Als das Panoramicum der fünften Skyline des Forschungsraums erreicht wurde, war festzustellen dass der Horizont nicht zu erreichen ist, und sowohl das blinde Auge, ein eventuelles Zentrum einer Fläche, der präzise Gleichgewichtspunkt, ausrechenbar und real. Die Methode des Übergriffs brach zusammen: Der Rundgang vermittelt nur den Raum der durchquert ist. Keine Zusammenfassung möglich, obwohl das monotone Muster unendlich ist. Wieviele Menschen leben hier ? In dieser Frage ist das Hier der unantastbarsten Begriff. Nicht das der Mensch eine Allgegenwart erreicht hätte oder nur näher herangekommen wäre. Nur dass er nicht wirklich da ist wo er sich befindet. Noch weniger sind die Handlungen die Ihn als Mensch definieren wirklich zu lokalisieren. Wo lebt ein Mensch der lebt und arbeitet, der zwei Wohnsitze hat. In einem bedingten Feld, im Durchschnitt, auf dem Weg dazwischen ?
… §5a : «Die Multifunktionalität eines arbeitenden Wesens erfüllt sich mit einer unbedingte Verflechtung mit anderen Arbeitenden und höheren Funktionsorganen der Produktionsinsel. Die Artikulationen von Funktionen werden statistisch zur optimisierung der Produktion erforscht, d.h. ein maximalen Energieverbrauch und eine minimale Kodifikation der eventuellen Aktionen ».
§5b : « Die Multifunktionalität erziehlt eine komplette Auflösung der Notwendigkeit einer spezifischen Verortung der Funktionen » …
Auf dem Programm sind noch drei Skylines zu bestätigen. Die Verkehrsorgane sind zu dicht geworden und die folgende Schritte müssen ausgelassen werden.

Das Hotelzimmer ist stickig und die Fenster sind nicht zu öffnen. Tischlampenlicht vom Nachttisch. Gleich Abendausgang. Duschen gehen, Rückzug, singen… Frische Kleider anziehen mit laufendem Fernseher. Sich im Spiegel nochmal zusammenfassen, auf die Uhr schauen, das Zimmer anschauen. Das Bett nochmal testen, Die Decke anstarren … Aufstehen, alles in die Hand nehmen, das Licht nicht vergessen. Zur Tischlampe greifen, sie kurz hochhalten und kraftvoll auf dem Rand des Nachttischs zerschlagen. Der Boden empfängt sie reglos. Gehen, Tür schliessen... Im Aufzug warten, oder im Spiegel Grimassen machen. Tür auf, Eingangshalle. Vor der Rezeption, am Boden, liegt eine zerbogene, kaputte Tischlampe.

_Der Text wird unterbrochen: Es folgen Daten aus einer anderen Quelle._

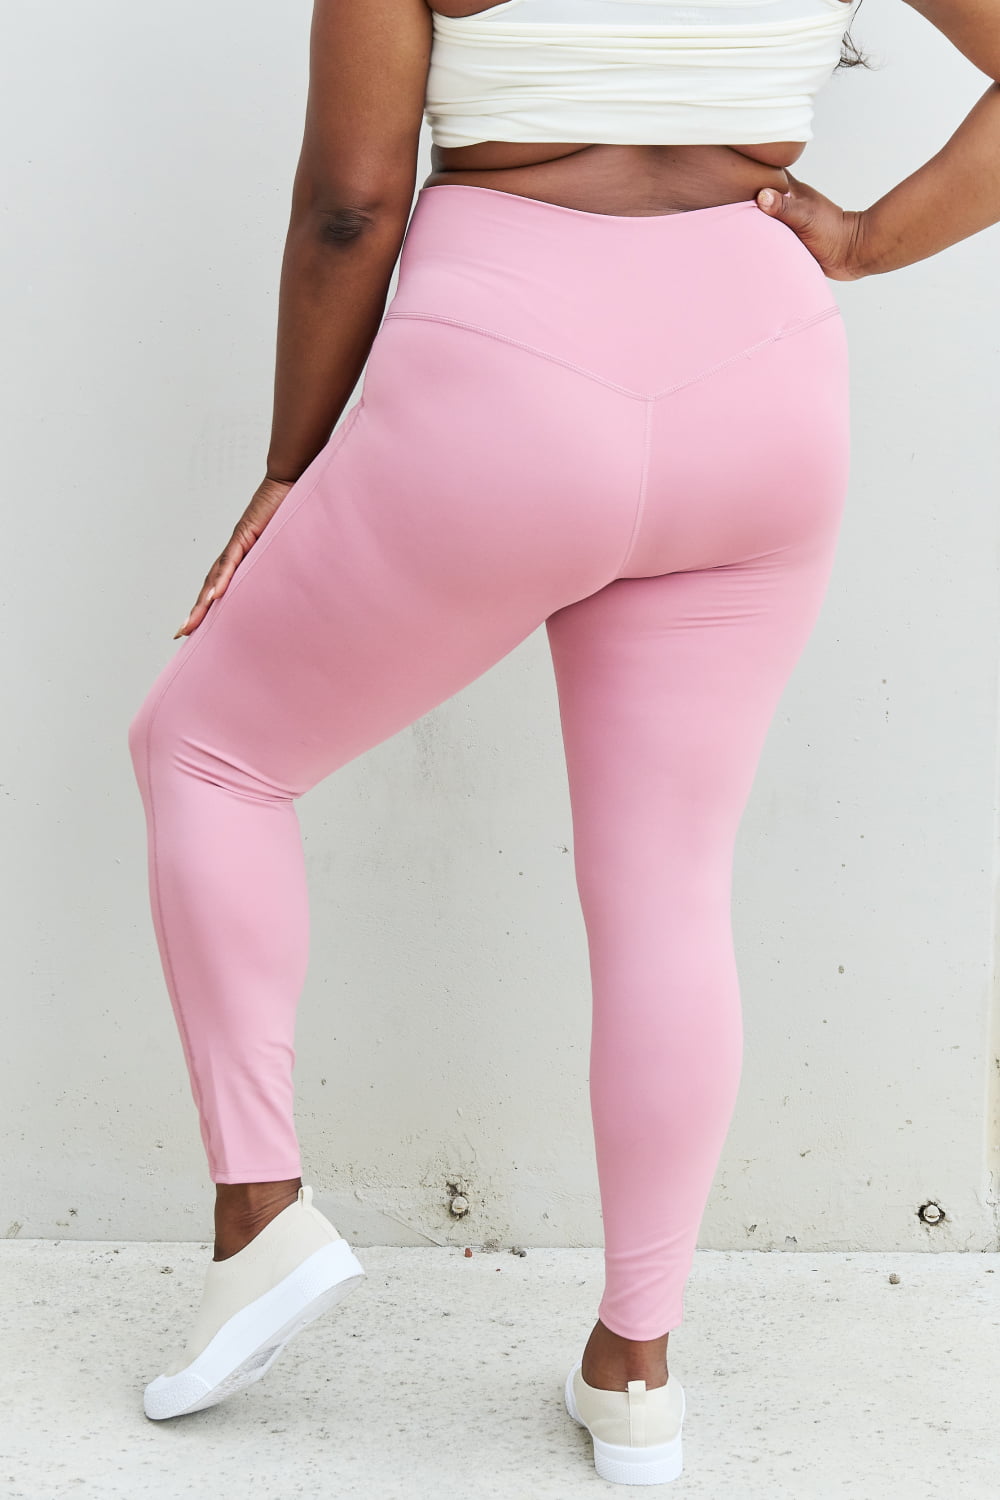 Fit For You Full Size High Waist Active Leggings in Light Rose - Women’s Clothing & Accessories - Activewear - 10 - 2024

Ein paar Tage später, Zeitplan gemäss, bewegte sich das Flugzeug zur Startpiste. Beschleunigung, abheben. Die lange Kiste kratzt eine herrliche Kurve. Im Rahmen des drucksicheren Bullauges fliessen die Flächen vorbei. Das Ding verliert seine Schwerkraft als sie sich dem Körper im Überdruck erkennbar macht. Es bleibt eine unerschwingliche Organisation von Flächen deren Ausdruck immer vorhanden sein könnte und die keinem gehören. Die Maschinen verschlingen die Luft, die Flächen wölben sich. Die phantastische klare Sicht verwüstet die Wahrscheinlichkeit des Bildes.